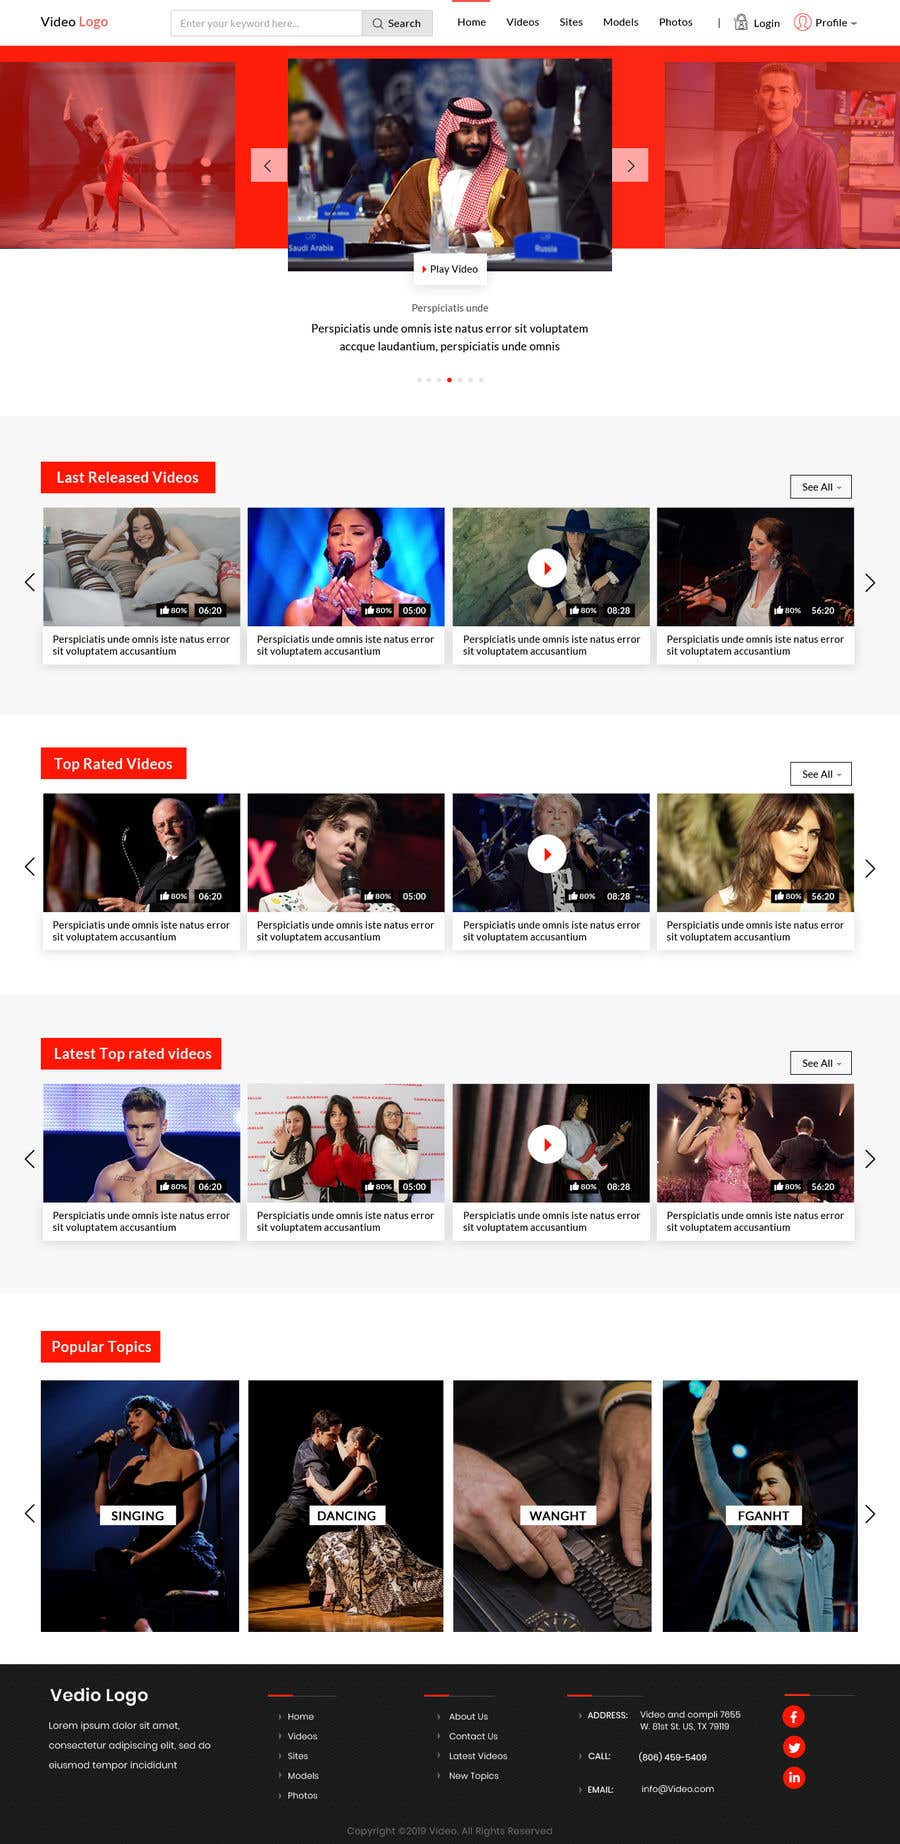 Penyertaan Peraduan #51 untuk Design landing page for the memberzone of a subscription only video website
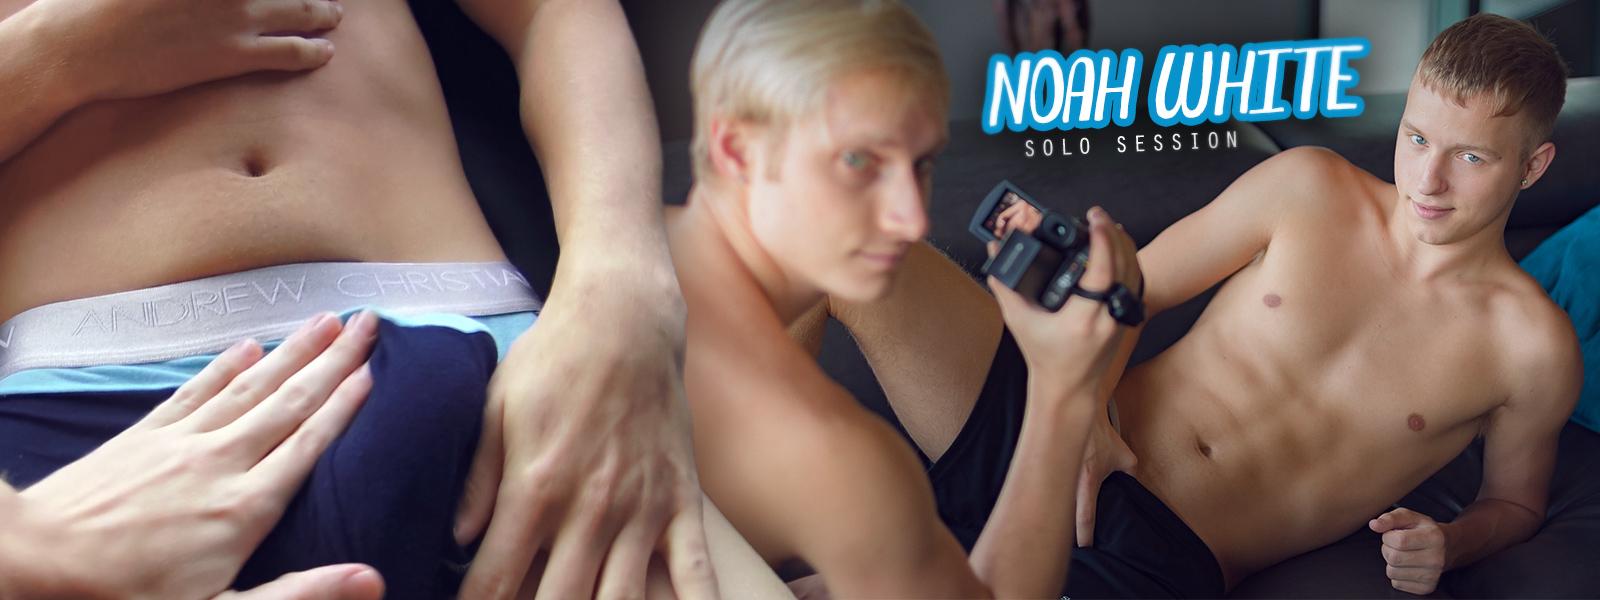 Noah White Solo Session
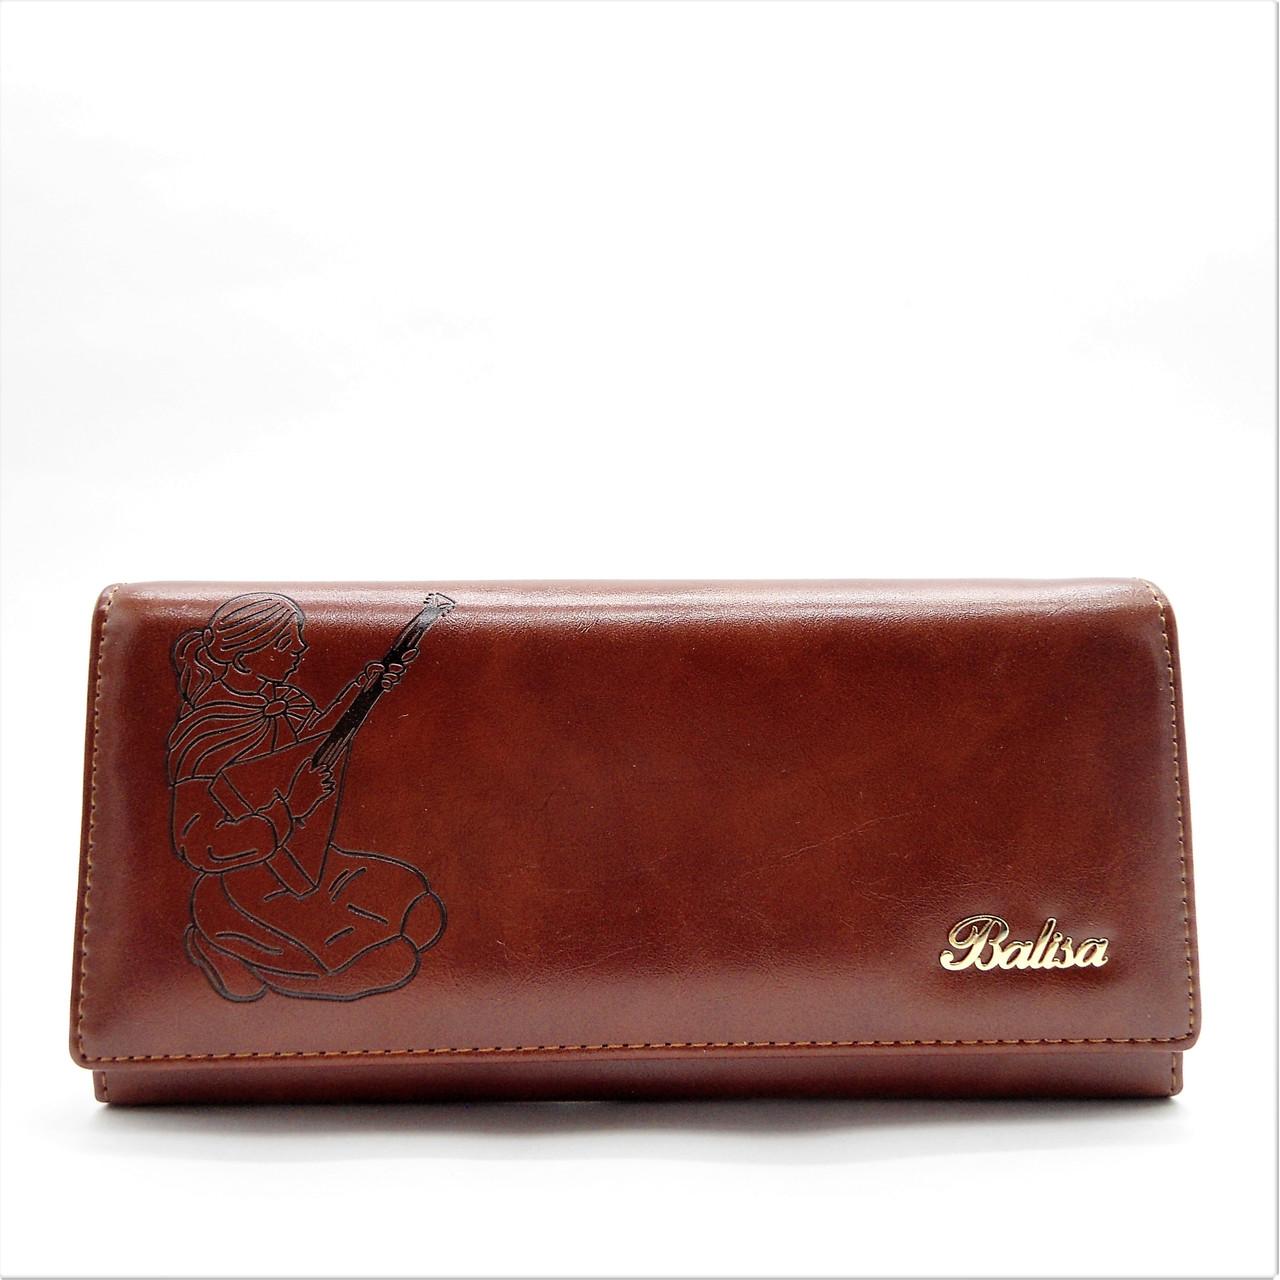 Женский кошелек BАLISА коричневого цвета с девушкой WPP-054403, фото 1
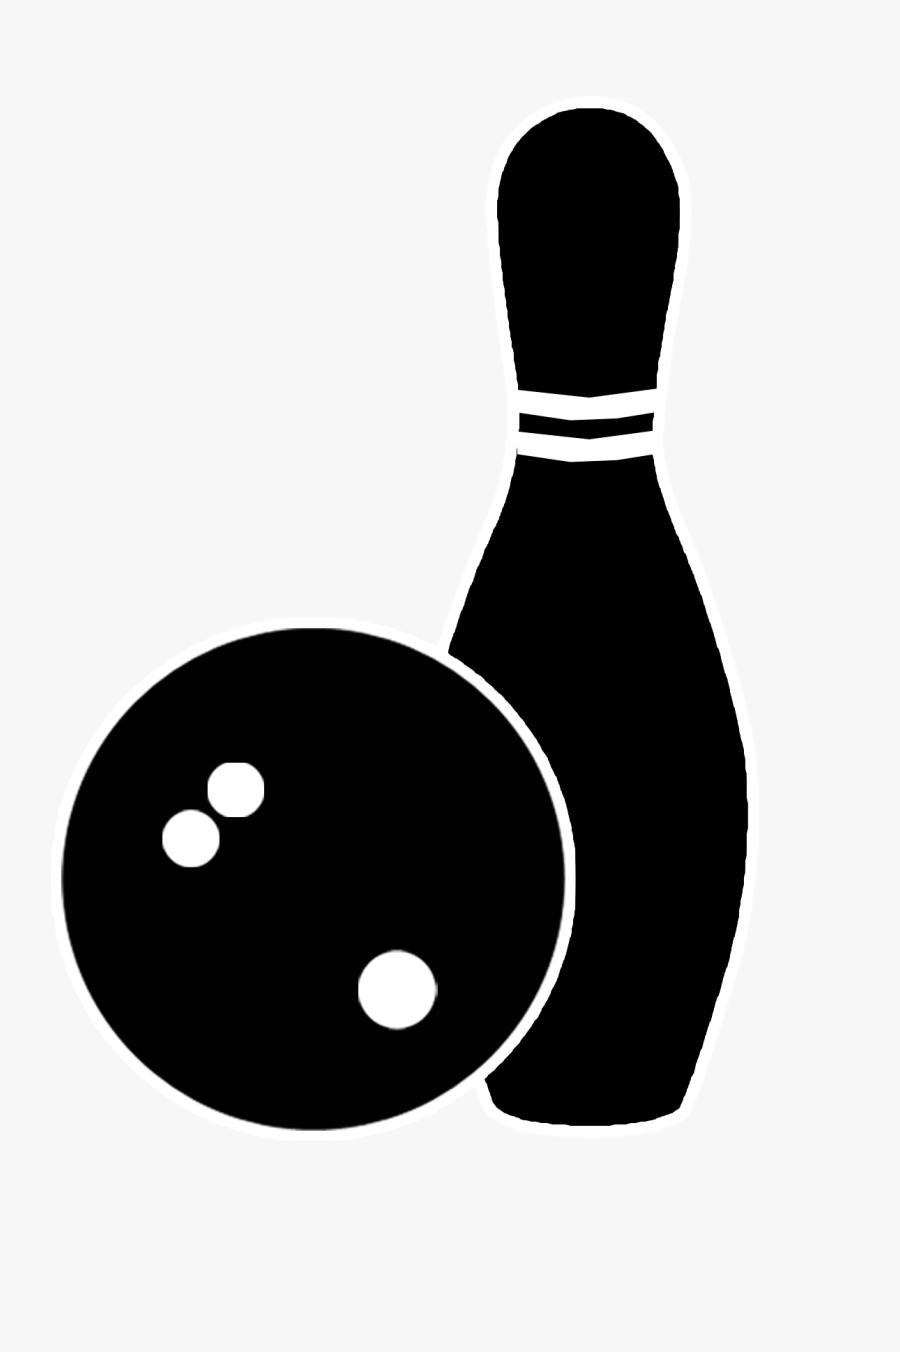 Transparent Bowling Clipart - Black Bowling Pins Png, Transparent Clipart

******************************

Reproduce the material above exactly but drop all images.

Exercise response ::
 Penyertaan Peraduan #51 untuk Design landing page for the memberzone of a subscription only video website
 Noah White Solo Session
 Женский кошелек BАLISА коричневого цвета с девушкой WPP-054403, фото 1
 Transparent Bowling Clipart - Black Bowling Pins Png, Transparent Clipart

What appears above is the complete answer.